In meinem Park wohnen viele alte Menschen. Ich begegne oft Grosseltern mit ihren Enkeln. Sie übernehmen die Erziehung, weil beide Elternteile berufstätig sind. Immer wieder erlebe ich auch, dass alte Leute liebevoll und geduldig an der Hand genommen und geführt werden von Kindern oder Enkeln. Familie ist so wichtig! Da spüre ich dann eine tiefe Zuneigung und Verantwortung, ein Aufgehobensein beieinander. Sehr schön! Wie wünschte ich, dass sie sich das erhalten könnten!
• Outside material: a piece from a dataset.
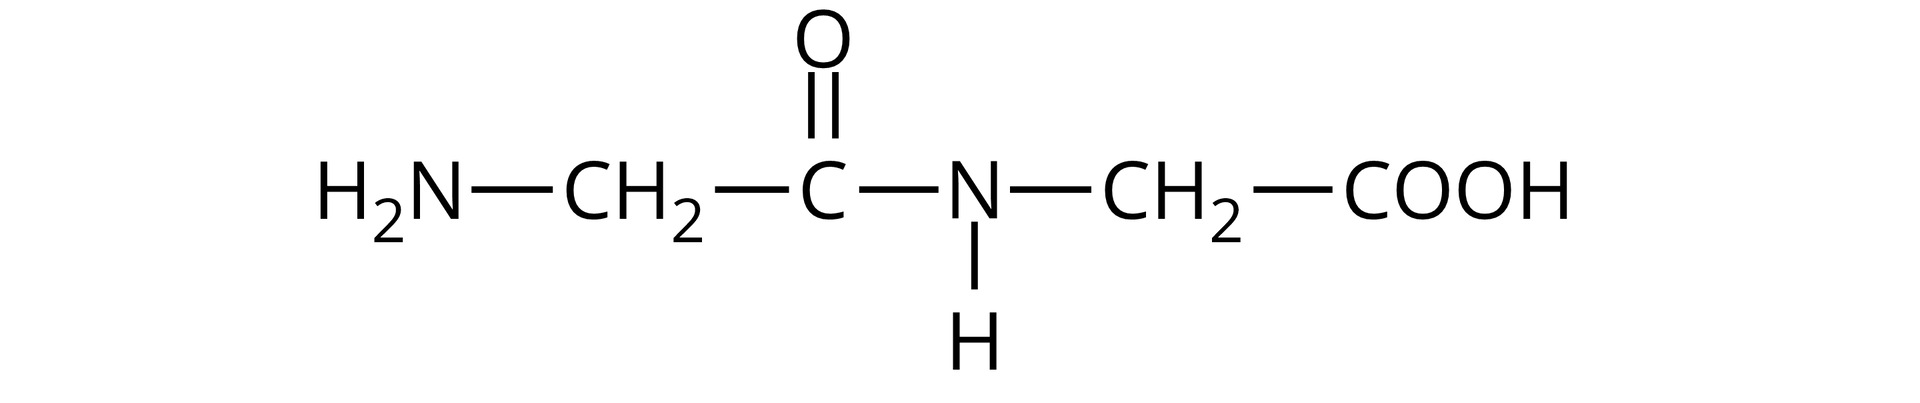 Ilustracja przedstawiająca wzór cząsteczki glicyloglicyny zbudowanej z grupy NH2 połączonej z grupą metylenową CH2 związaną z atomem węgla wchodzącym w skład wiązania peptydowego i połączonym za pomocą wiązania podwójnego z atomem tlenu oraz za pomocą wiązania pojedynczego z atomem azotu podstawionym atomem wodoru oraz grupą metylenową CH2 połączoną z grupą karboksylową COOH. Po lewej stronie struktury zaznaczono grupę aminową pochodzącą od pierwszej cząsteczki aminokwasu i stanowiącą N‑koniec, po prawej stronie zaznaczono grupę karboksylową pochodzącą od drugiej cząsteczki aminokwasu i stanowiącą C‑koniec peptydu. 
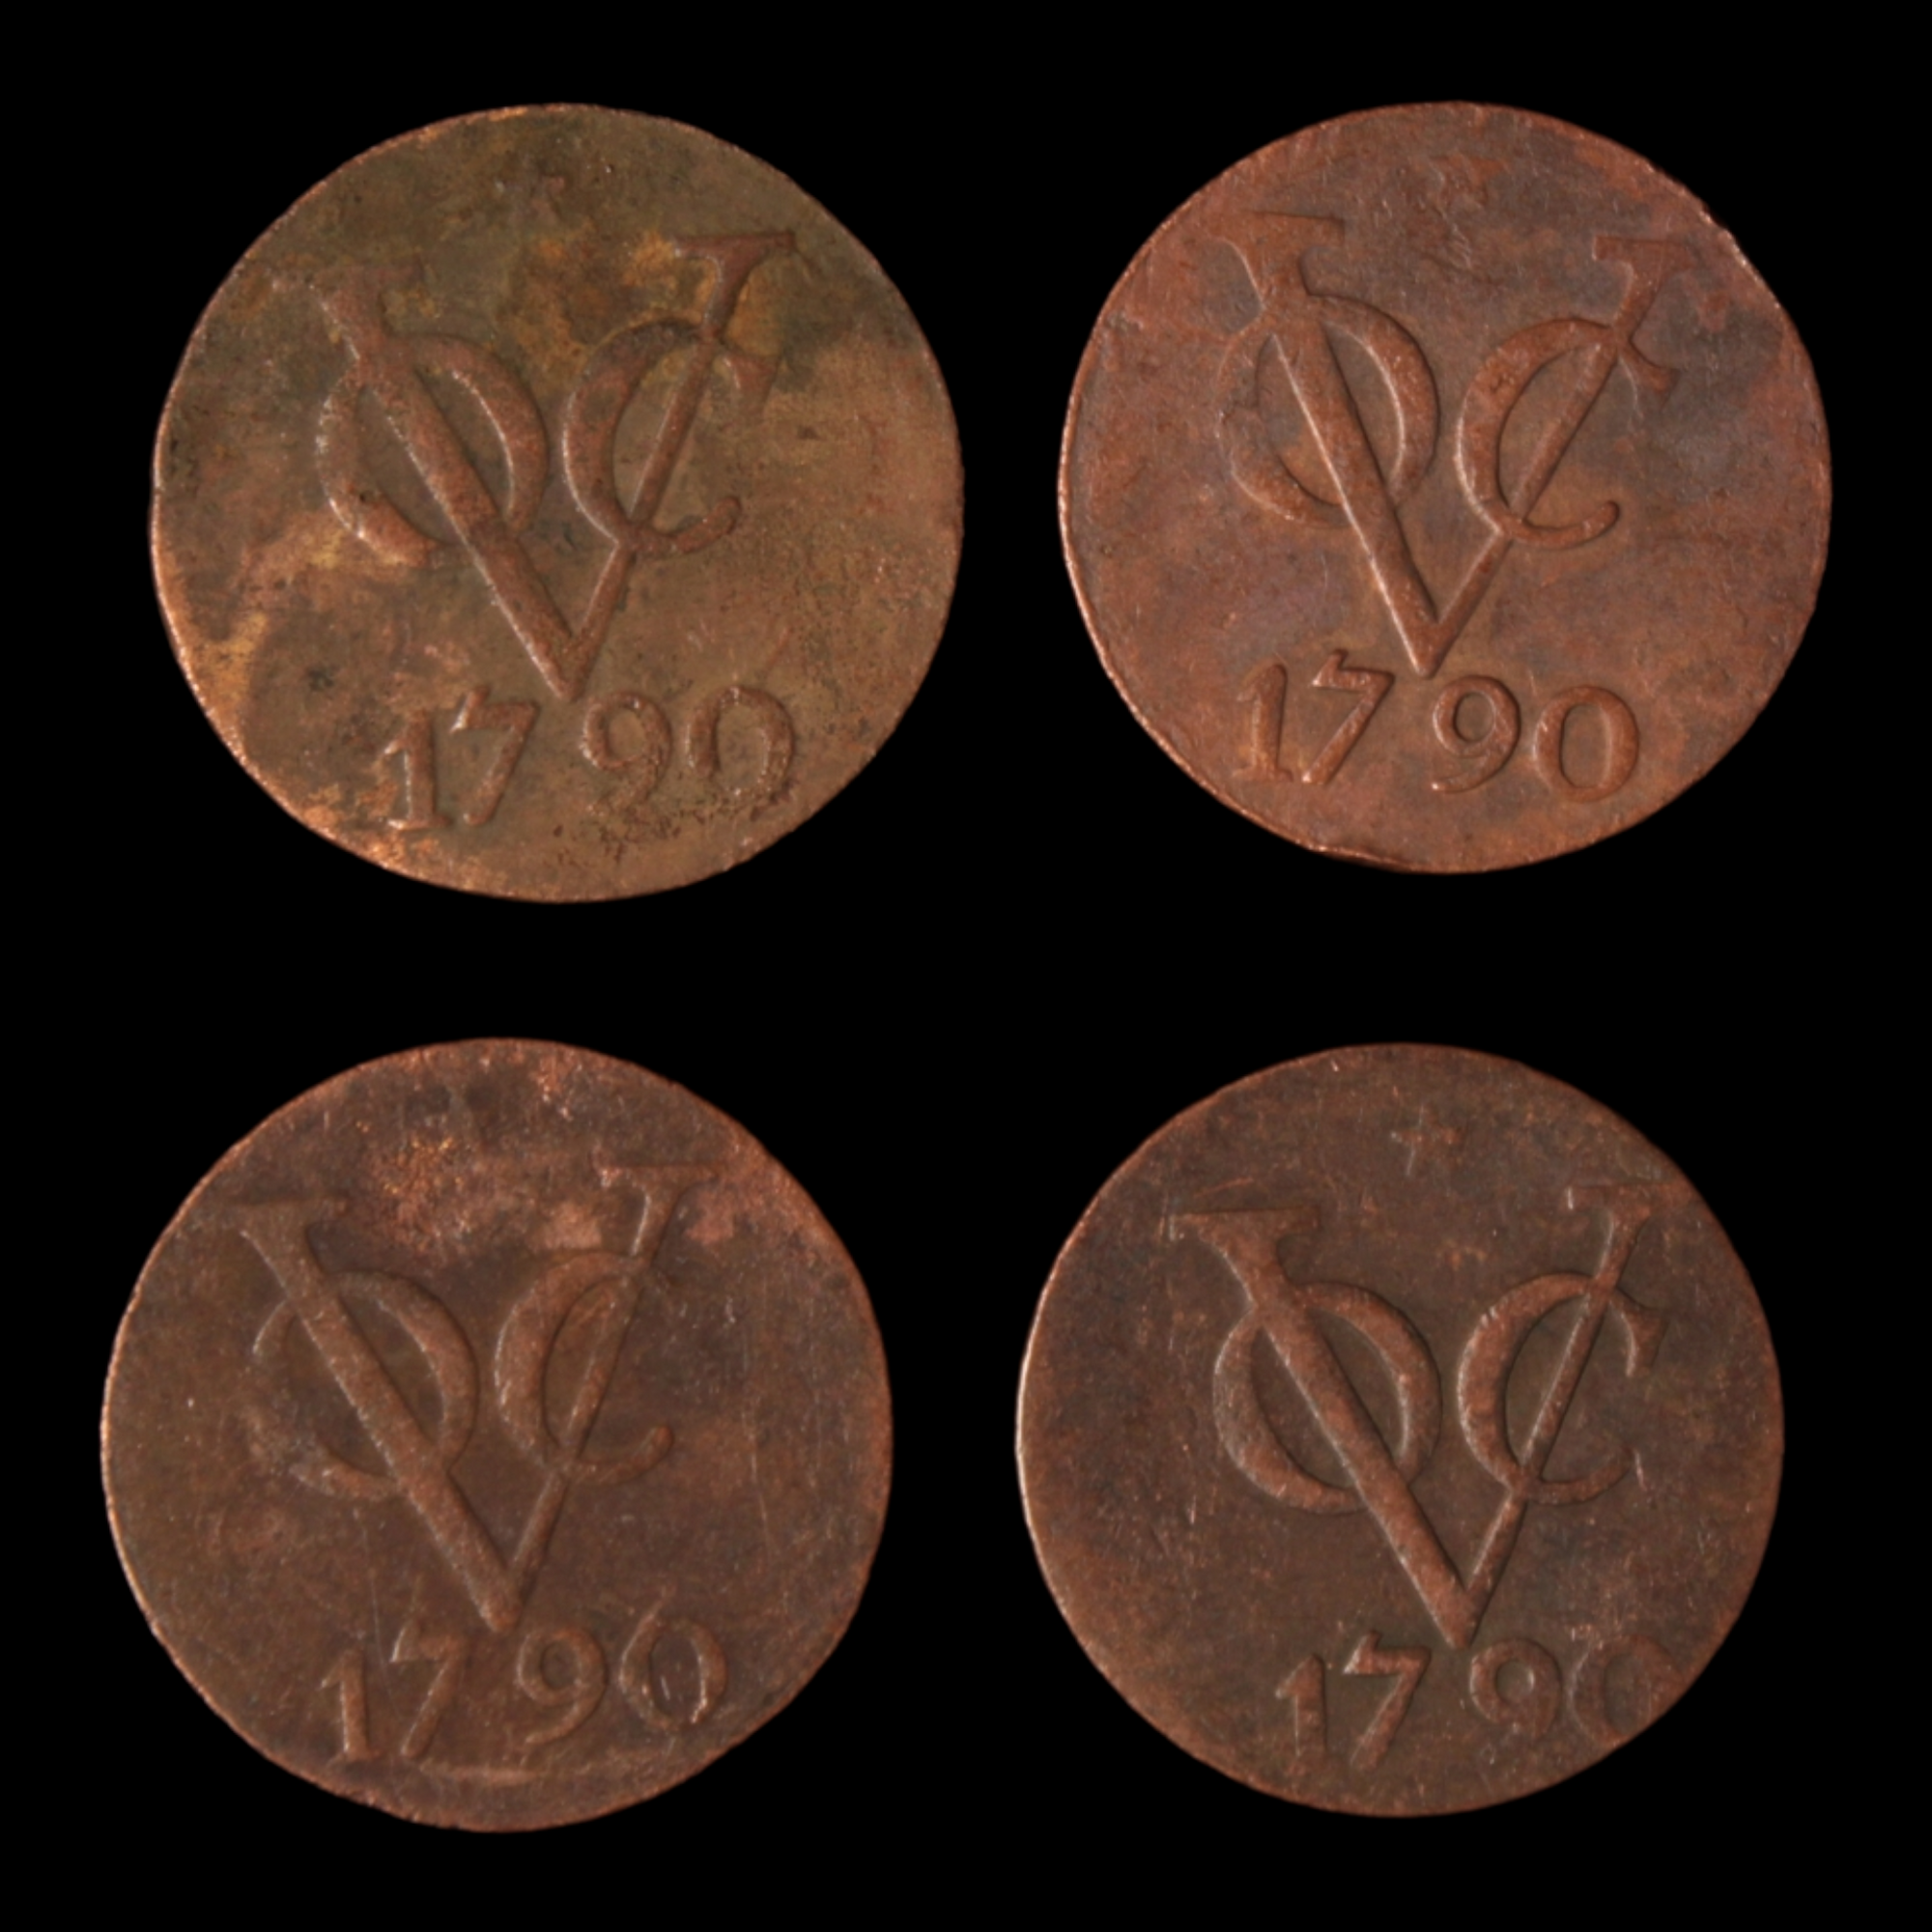 Dutch East India Co. (VOC) Double Duit Lot #3 - 1790 - Southeast Asia - 3/29/23 Auction

Die Entwicklung scheint eine andere, ähnlich, wie ich sie in unserem Land beobachte: Es gibt schrecklich viele schlecht erzogene Kinder, die keine Grenzen kennen und materiell unsäglich verwöhnt werden. Die Trotzphase der Dreijährigen hält hier dann ungeniert bis ins Schulalter an, und wenn sie junge Erwachsene sind, haben sie den Egotrip voll integriert. Viele wissen gar nicht, wie Arbeiten geht, denn alles wird entschuldigt, alles wird ihnen zugesteckt und auf dem Silbertablett präsentiert. Sehen sie deshalb so schlecht aus? Übermüdet, konsumsüchtig, anämisch und antriebslos, ausser bei halbseidenen Unternehmungen. Irgendwie eine leere Hülle. Wie schade! Zum Glück gibt es da doch auch noch die vielen Jugendlichen, die ein Ziel im Leben verfolgen und hart dafür arbeiten, oft bis zu zwölf Stunden am Tag. Auch in China wird die Schere zwischen den Reichen und den Besitzlosen immer grösser.